- **Material provided**
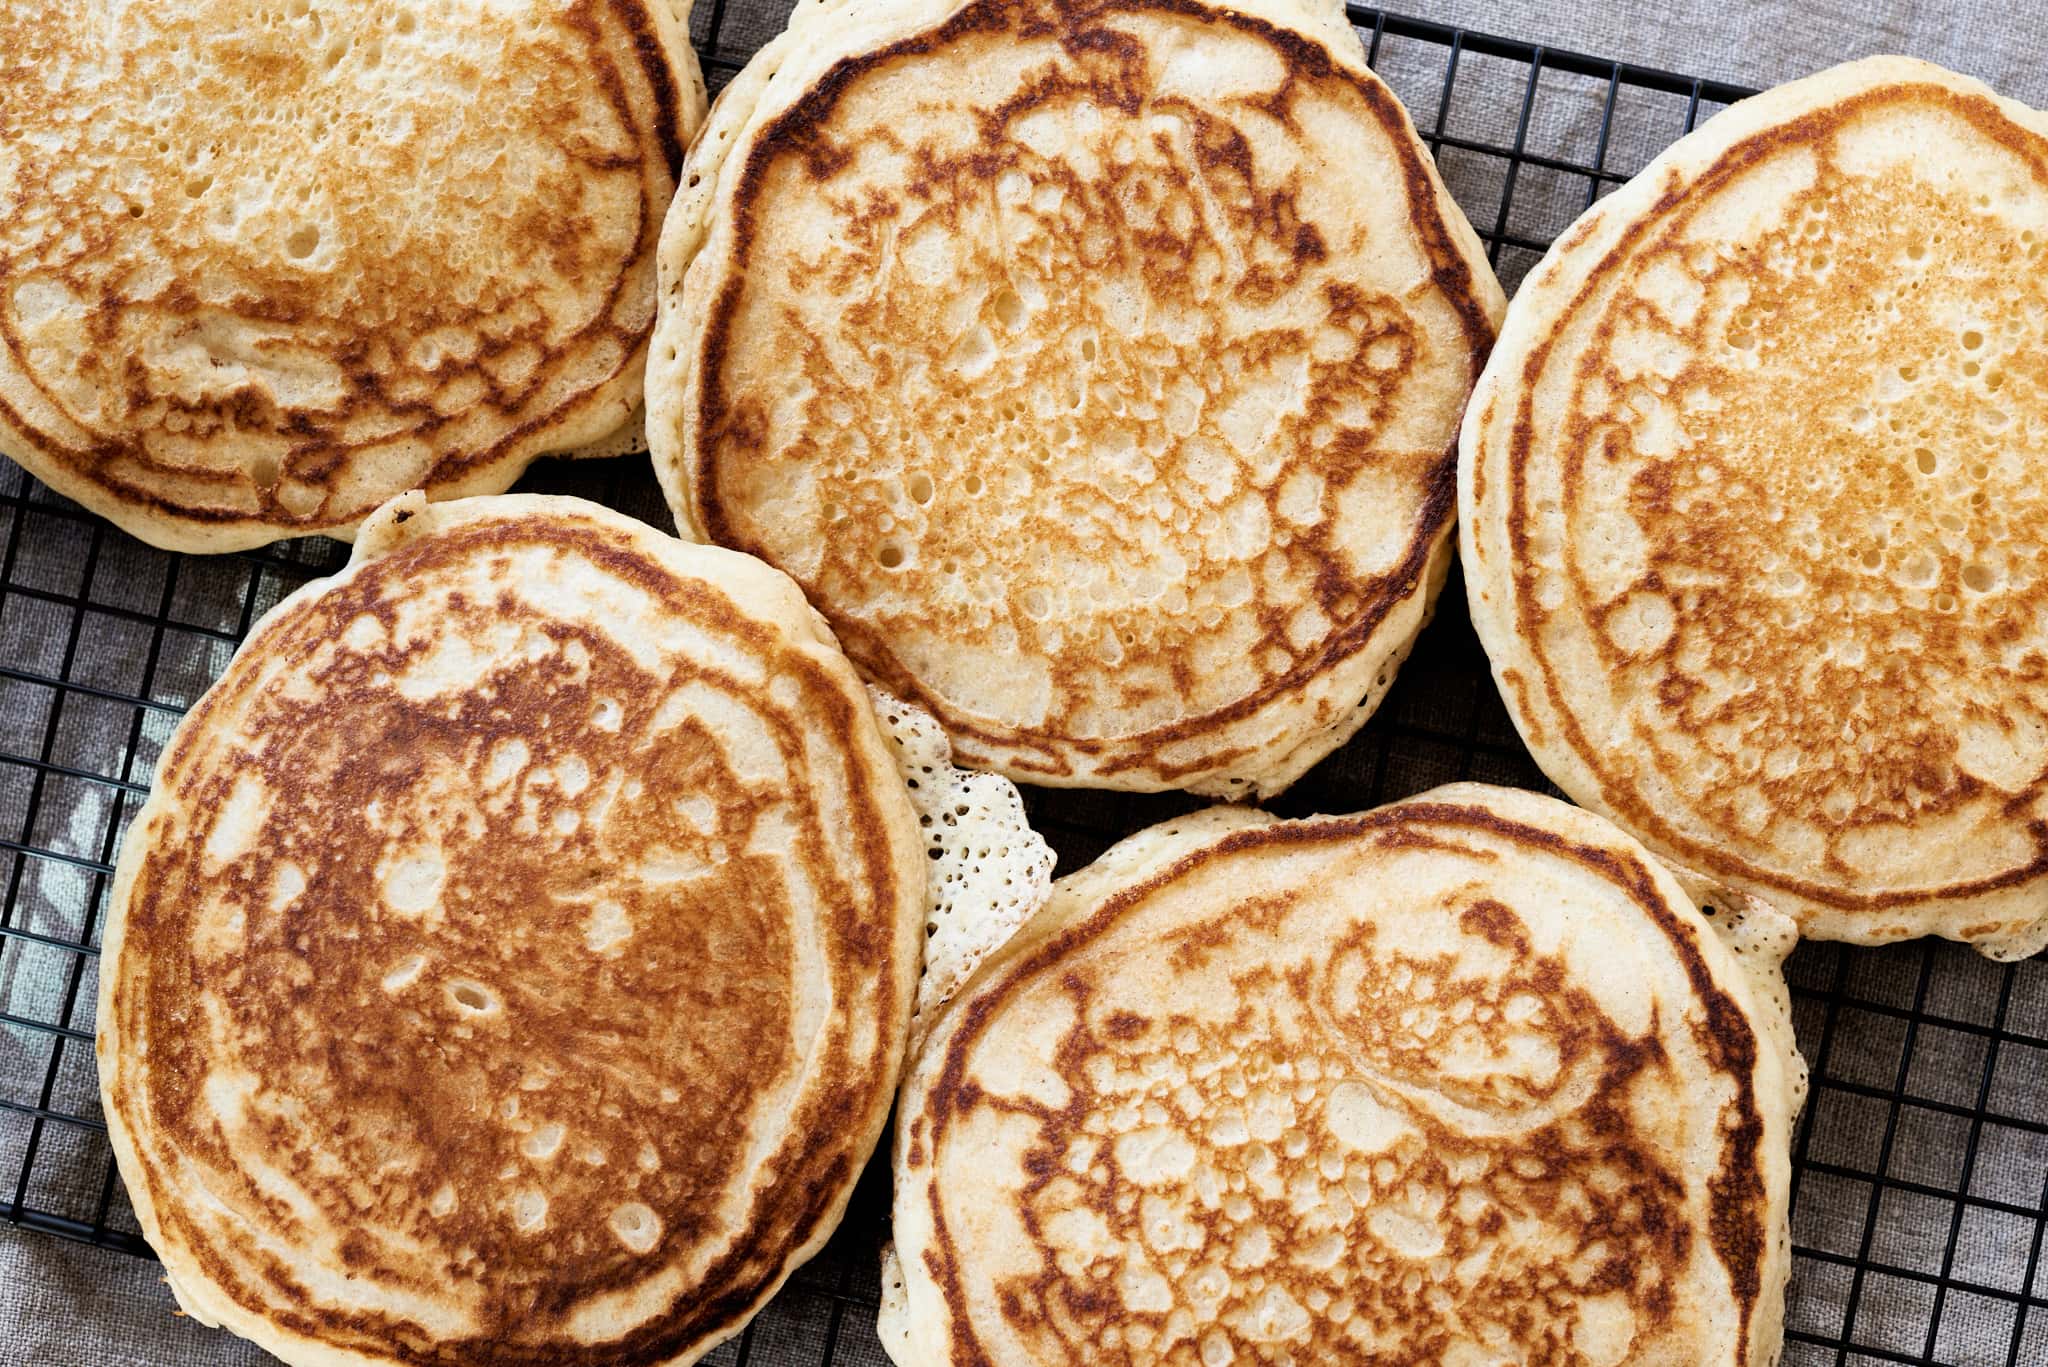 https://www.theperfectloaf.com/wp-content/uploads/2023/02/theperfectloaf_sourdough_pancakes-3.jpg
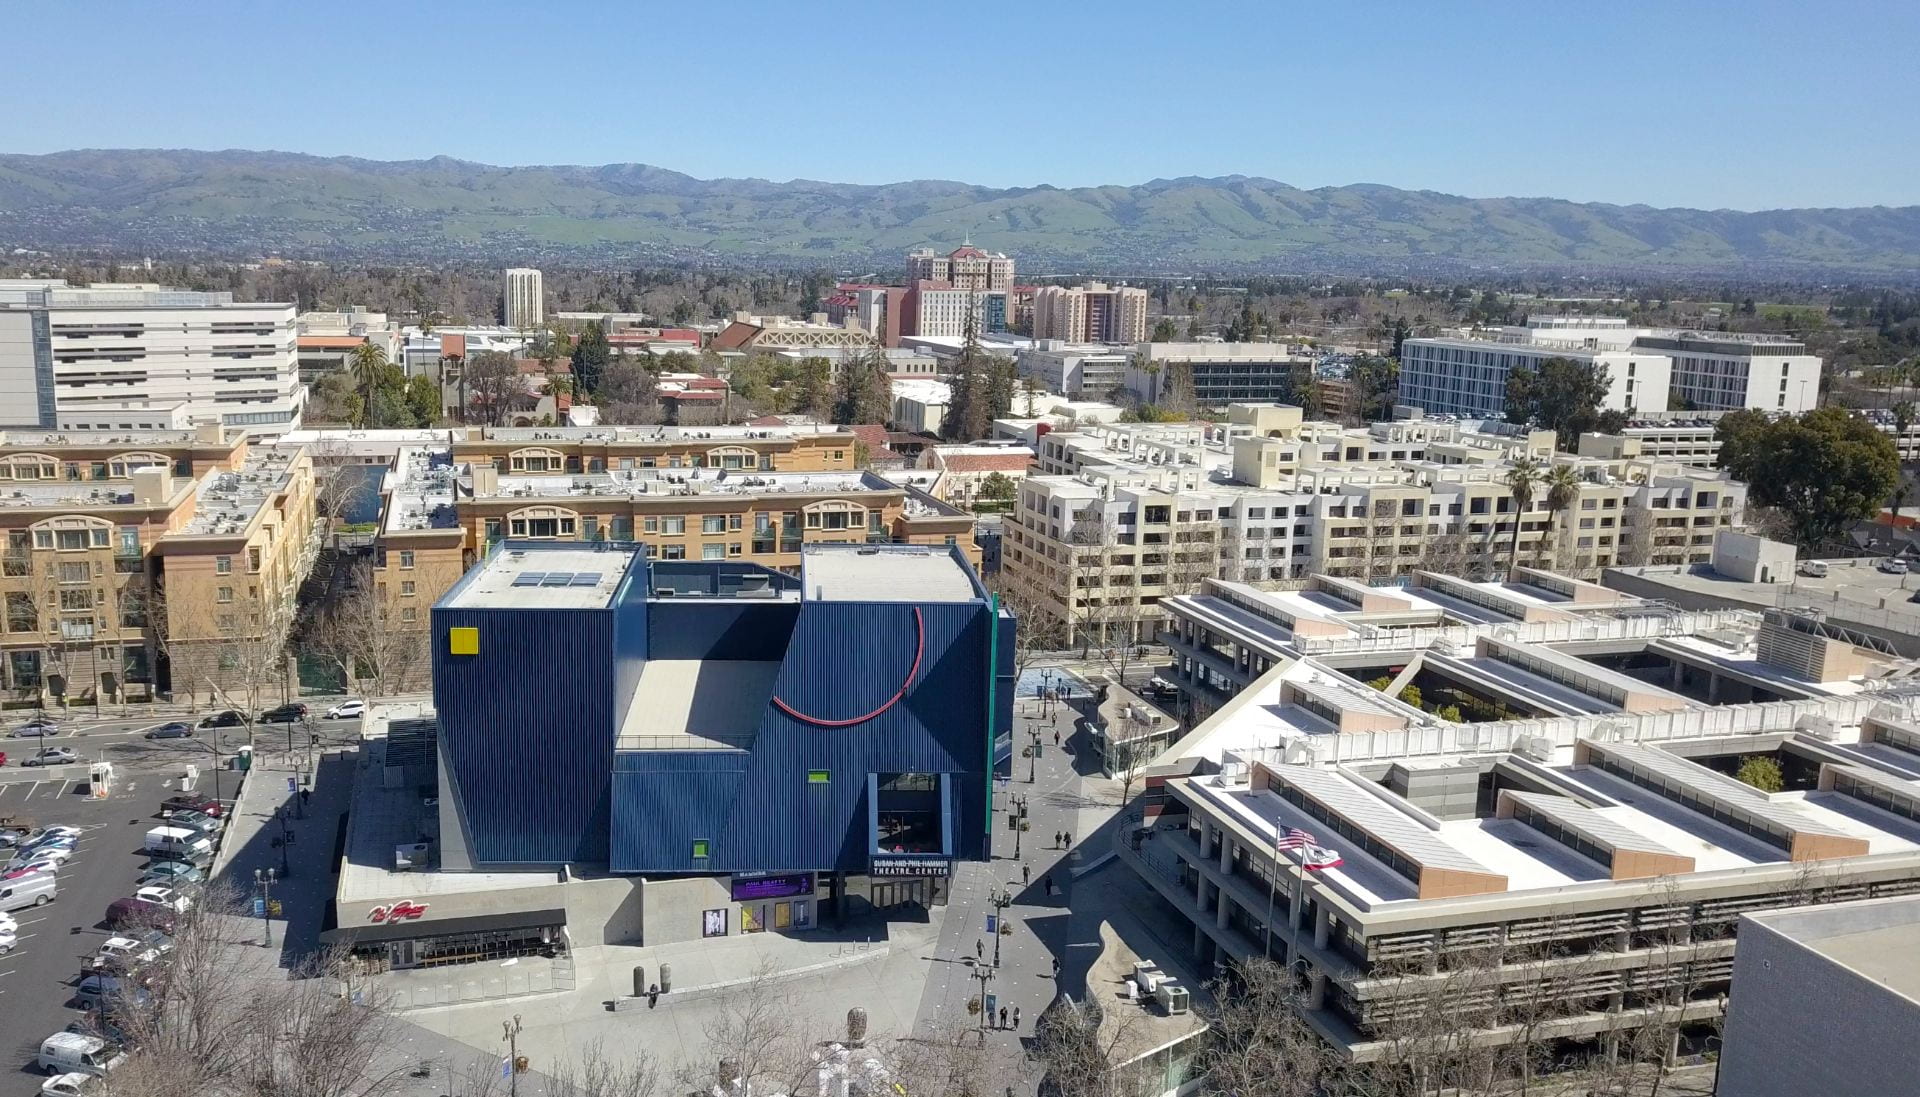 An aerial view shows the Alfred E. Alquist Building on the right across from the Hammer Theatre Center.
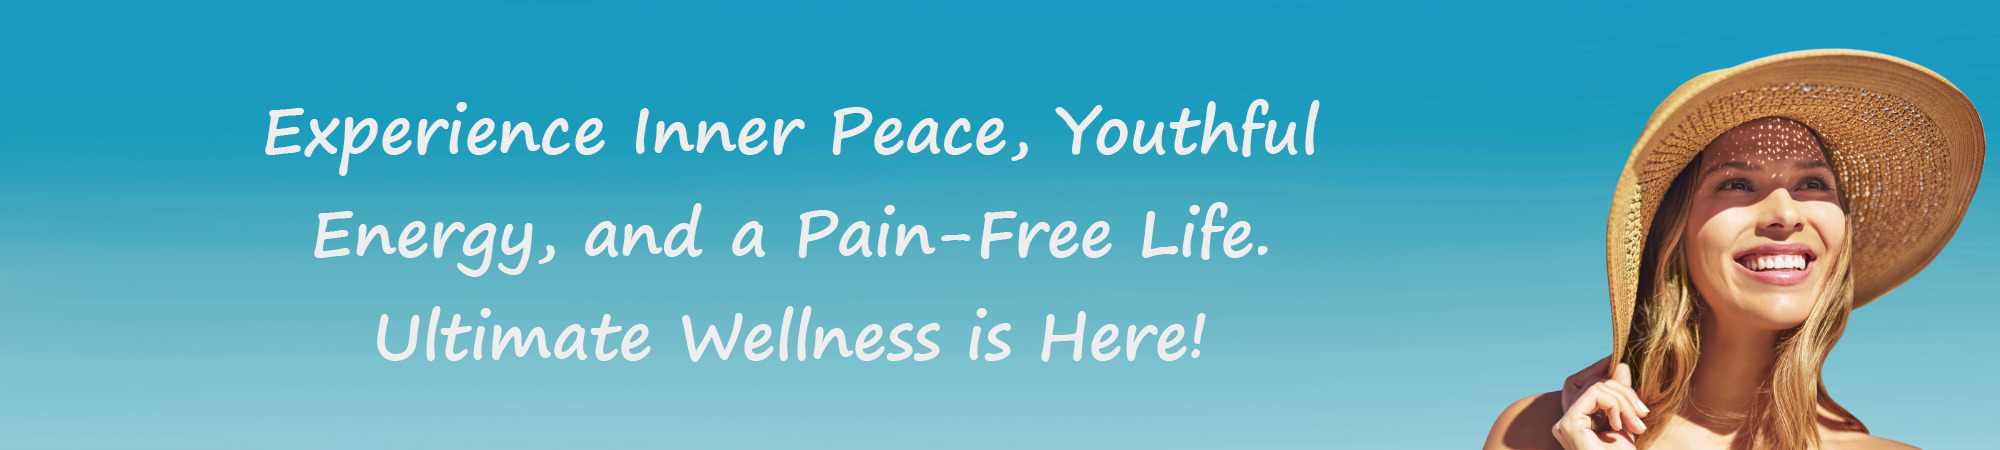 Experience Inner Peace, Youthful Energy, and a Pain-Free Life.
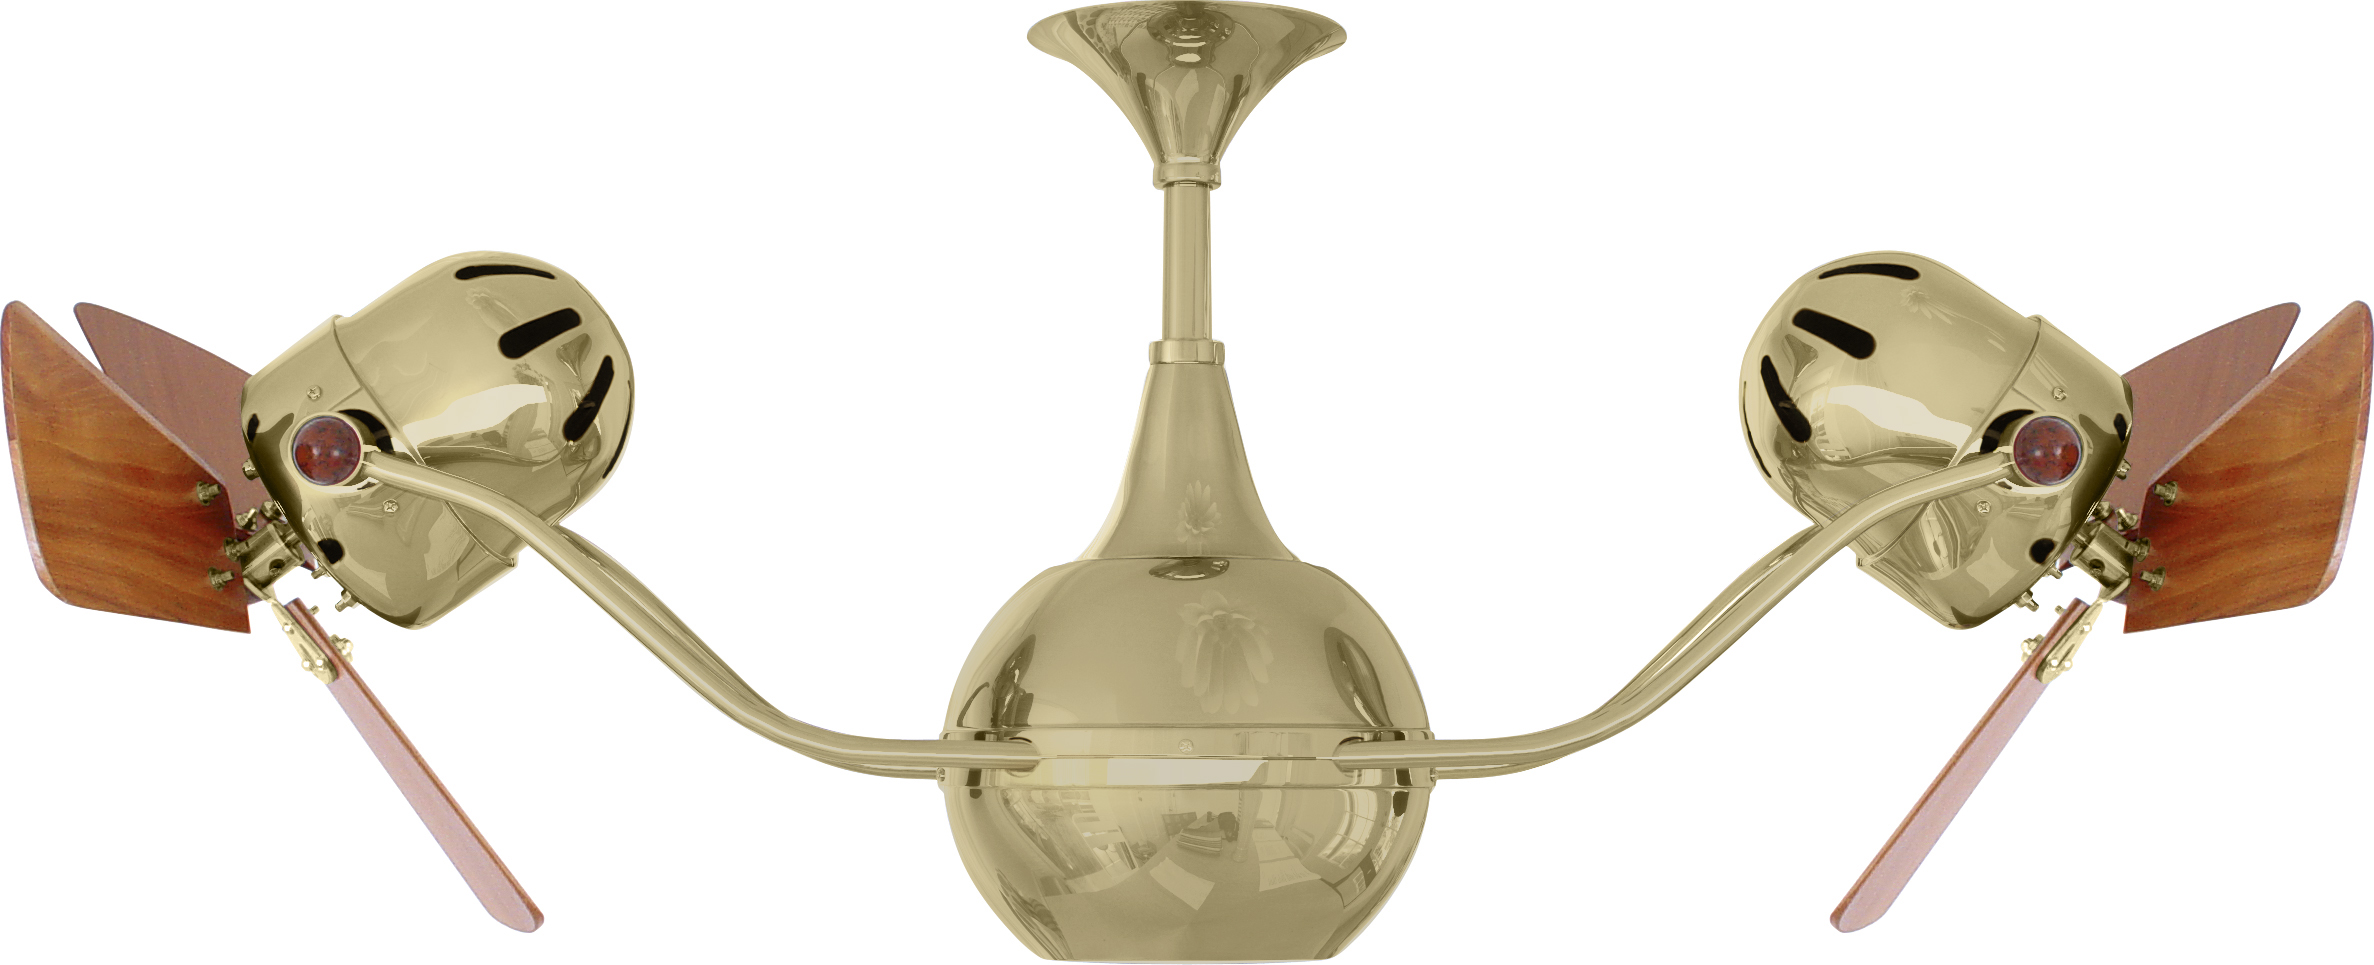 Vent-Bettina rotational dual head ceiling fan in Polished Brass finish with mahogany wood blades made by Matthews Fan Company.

- **Problem to work on**
After locating the line with "An aerial view", transcribe it and the rest of the data above exactly as written, without any picture.

- **Reply**
 An aerial view shows the Alfred E. Alquist Building on the right across from the Hammer Theatre Center.
 Experience Inner Peace, Youthful Energy, and a Pain-Free Life.
 Vent-Bettina rotational dual head ceiling fan in Polished Brass finish with mahogany wood blades made by Matthews Fan Company.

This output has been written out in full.